Exercise objective:
Scan the records below for the line with "Vanessa Carlton: I" and the line with "Cyprus Investment Program". Repeat those two lines and every line between them exactly, and nothing else.

Records for the exercise:
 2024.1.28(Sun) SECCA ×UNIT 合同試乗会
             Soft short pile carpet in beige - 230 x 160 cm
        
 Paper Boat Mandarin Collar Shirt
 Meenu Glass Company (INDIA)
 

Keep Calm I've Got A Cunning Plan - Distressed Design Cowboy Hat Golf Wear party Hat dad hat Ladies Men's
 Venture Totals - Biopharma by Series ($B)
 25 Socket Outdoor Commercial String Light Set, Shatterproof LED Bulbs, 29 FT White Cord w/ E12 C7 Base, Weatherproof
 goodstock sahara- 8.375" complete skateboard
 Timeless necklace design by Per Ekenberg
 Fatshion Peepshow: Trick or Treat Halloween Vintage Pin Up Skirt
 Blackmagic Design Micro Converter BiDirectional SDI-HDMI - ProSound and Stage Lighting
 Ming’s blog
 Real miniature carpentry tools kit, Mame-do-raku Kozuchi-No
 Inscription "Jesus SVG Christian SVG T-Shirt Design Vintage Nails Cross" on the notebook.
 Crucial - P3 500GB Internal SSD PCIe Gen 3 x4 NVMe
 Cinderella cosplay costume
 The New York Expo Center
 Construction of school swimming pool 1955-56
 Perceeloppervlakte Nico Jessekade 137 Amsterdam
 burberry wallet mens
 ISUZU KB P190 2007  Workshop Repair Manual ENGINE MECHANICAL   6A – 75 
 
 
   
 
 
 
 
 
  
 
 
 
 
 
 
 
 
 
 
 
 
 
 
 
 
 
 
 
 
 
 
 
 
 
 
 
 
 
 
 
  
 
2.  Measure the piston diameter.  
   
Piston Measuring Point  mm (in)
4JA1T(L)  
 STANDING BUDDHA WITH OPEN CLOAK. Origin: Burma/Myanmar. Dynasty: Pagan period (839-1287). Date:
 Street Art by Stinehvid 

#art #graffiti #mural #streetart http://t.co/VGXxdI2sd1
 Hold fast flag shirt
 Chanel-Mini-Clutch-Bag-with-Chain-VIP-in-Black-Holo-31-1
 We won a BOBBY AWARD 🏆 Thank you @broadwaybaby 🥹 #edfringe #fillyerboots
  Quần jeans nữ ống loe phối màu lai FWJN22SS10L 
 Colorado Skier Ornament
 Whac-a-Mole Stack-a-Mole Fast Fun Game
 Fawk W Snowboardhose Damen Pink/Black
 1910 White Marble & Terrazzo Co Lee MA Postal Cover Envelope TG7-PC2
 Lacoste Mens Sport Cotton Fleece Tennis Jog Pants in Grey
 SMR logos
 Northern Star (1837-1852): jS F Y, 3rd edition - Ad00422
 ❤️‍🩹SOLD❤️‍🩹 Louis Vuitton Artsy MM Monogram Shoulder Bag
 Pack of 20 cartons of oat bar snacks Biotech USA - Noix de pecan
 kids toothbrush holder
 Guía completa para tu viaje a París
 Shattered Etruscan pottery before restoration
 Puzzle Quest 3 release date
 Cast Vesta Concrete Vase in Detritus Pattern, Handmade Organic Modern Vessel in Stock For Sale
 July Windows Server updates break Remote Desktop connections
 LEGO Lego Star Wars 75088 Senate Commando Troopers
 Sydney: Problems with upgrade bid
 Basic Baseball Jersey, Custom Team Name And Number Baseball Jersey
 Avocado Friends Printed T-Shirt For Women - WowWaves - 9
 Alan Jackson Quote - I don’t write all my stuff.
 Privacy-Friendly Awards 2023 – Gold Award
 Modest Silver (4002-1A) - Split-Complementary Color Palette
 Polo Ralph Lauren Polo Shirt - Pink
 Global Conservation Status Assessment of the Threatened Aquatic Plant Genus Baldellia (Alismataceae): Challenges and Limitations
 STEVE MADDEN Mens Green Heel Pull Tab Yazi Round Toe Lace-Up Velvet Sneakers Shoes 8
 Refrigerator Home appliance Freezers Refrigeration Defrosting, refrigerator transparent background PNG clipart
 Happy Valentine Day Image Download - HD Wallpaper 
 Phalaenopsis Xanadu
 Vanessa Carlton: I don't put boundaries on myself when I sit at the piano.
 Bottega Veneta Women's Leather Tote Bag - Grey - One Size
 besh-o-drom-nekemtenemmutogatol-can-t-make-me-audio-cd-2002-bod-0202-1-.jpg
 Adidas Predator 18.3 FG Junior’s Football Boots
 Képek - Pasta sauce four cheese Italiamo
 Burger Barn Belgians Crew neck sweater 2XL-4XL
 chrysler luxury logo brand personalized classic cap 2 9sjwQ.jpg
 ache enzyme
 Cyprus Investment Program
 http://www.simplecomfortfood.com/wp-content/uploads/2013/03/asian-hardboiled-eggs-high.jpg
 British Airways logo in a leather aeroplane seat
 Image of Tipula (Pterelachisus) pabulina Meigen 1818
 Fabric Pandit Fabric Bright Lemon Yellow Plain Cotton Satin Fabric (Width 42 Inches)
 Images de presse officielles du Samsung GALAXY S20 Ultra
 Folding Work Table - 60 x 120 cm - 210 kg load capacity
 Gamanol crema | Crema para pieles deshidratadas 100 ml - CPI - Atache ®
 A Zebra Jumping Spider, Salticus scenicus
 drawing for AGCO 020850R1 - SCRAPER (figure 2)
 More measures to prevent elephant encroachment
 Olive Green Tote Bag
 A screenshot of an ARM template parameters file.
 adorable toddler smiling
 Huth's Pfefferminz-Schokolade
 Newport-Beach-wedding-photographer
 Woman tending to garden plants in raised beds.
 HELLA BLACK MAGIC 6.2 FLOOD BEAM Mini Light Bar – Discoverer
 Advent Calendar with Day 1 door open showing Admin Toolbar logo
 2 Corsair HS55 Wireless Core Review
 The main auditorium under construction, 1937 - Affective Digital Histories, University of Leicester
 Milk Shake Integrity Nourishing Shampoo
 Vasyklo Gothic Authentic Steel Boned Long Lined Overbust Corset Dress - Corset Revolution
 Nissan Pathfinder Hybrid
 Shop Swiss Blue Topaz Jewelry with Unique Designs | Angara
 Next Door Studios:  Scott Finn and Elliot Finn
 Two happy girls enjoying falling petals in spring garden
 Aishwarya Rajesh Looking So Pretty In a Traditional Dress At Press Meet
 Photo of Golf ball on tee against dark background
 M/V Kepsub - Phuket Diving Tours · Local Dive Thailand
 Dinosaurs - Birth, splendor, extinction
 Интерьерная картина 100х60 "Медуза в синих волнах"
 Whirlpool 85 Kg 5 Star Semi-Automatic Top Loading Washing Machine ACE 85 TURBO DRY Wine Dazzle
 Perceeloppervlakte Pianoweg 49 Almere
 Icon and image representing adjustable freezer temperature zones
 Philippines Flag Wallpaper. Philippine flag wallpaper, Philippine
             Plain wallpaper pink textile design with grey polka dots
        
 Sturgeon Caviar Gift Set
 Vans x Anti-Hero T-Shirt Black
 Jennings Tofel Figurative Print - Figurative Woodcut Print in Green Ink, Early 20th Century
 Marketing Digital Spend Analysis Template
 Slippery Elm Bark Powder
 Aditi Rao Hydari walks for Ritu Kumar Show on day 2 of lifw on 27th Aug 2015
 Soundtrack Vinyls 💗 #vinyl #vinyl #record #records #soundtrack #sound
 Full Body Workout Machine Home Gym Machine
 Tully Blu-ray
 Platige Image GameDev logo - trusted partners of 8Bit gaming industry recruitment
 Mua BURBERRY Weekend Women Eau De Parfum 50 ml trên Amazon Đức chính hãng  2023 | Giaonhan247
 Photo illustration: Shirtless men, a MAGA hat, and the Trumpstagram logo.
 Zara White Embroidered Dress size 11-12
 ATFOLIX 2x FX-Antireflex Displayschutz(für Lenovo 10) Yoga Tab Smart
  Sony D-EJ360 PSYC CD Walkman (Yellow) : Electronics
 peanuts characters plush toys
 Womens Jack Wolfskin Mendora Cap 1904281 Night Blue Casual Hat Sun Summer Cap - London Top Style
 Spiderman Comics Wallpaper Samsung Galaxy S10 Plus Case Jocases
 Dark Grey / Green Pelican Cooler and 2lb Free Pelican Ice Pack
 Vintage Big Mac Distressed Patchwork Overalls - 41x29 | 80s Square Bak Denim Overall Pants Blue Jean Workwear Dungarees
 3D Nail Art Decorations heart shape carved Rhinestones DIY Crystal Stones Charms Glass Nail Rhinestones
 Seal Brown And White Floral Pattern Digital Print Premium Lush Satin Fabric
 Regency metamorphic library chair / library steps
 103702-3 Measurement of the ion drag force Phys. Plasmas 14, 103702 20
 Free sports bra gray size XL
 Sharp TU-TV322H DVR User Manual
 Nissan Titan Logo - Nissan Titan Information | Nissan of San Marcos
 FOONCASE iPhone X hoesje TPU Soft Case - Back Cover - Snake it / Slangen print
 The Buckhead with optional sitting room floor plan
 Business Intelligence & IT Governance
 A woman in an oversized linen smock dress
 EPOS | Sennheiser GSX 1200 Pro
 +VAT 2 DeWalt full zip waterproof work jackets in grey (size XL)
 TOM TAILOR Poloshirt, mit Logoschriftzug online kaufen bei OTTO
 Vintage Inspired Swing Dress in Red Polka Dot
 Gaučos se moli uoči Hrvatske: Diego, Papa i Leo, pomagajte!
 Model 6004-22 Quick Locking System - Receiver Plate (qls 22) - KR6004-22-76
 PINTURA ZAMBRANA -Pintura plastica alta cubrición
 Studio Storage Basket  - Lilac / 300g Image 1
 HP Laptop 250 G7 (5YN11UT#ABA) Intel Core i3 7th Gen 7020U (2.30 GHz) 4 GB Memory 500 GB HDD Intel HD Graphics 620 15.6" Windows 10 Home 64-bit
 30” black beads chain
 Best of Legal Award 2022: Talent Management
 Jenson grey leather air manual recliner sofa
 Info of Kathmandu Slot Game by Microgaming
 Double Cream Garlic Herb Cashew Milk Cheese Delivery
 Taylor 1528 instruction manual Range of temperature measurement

Written answer:
 Vanessa Carlton: I don't put boundaries on myself when I sit at the piano.
 Bottega Veneta Women's Leather Tote Bag - Grey - One Size
 besh-o-drom-nekemtenemmutogatol-can-t-make-me-audio-cd-2002-bod-0202-1-.jpg
 Adidas Predator 18.3 FG Junior’s Football Boots
 Képek - Pasta sauce four cheese Italiamo
 Burger Barn Belgians Crew neck sweater 2XL-4XL
 chrysler luxury logo brand personalized classic cap 2 9sjwQ.jpg
 ache enzyme
 Cyprus Investment Program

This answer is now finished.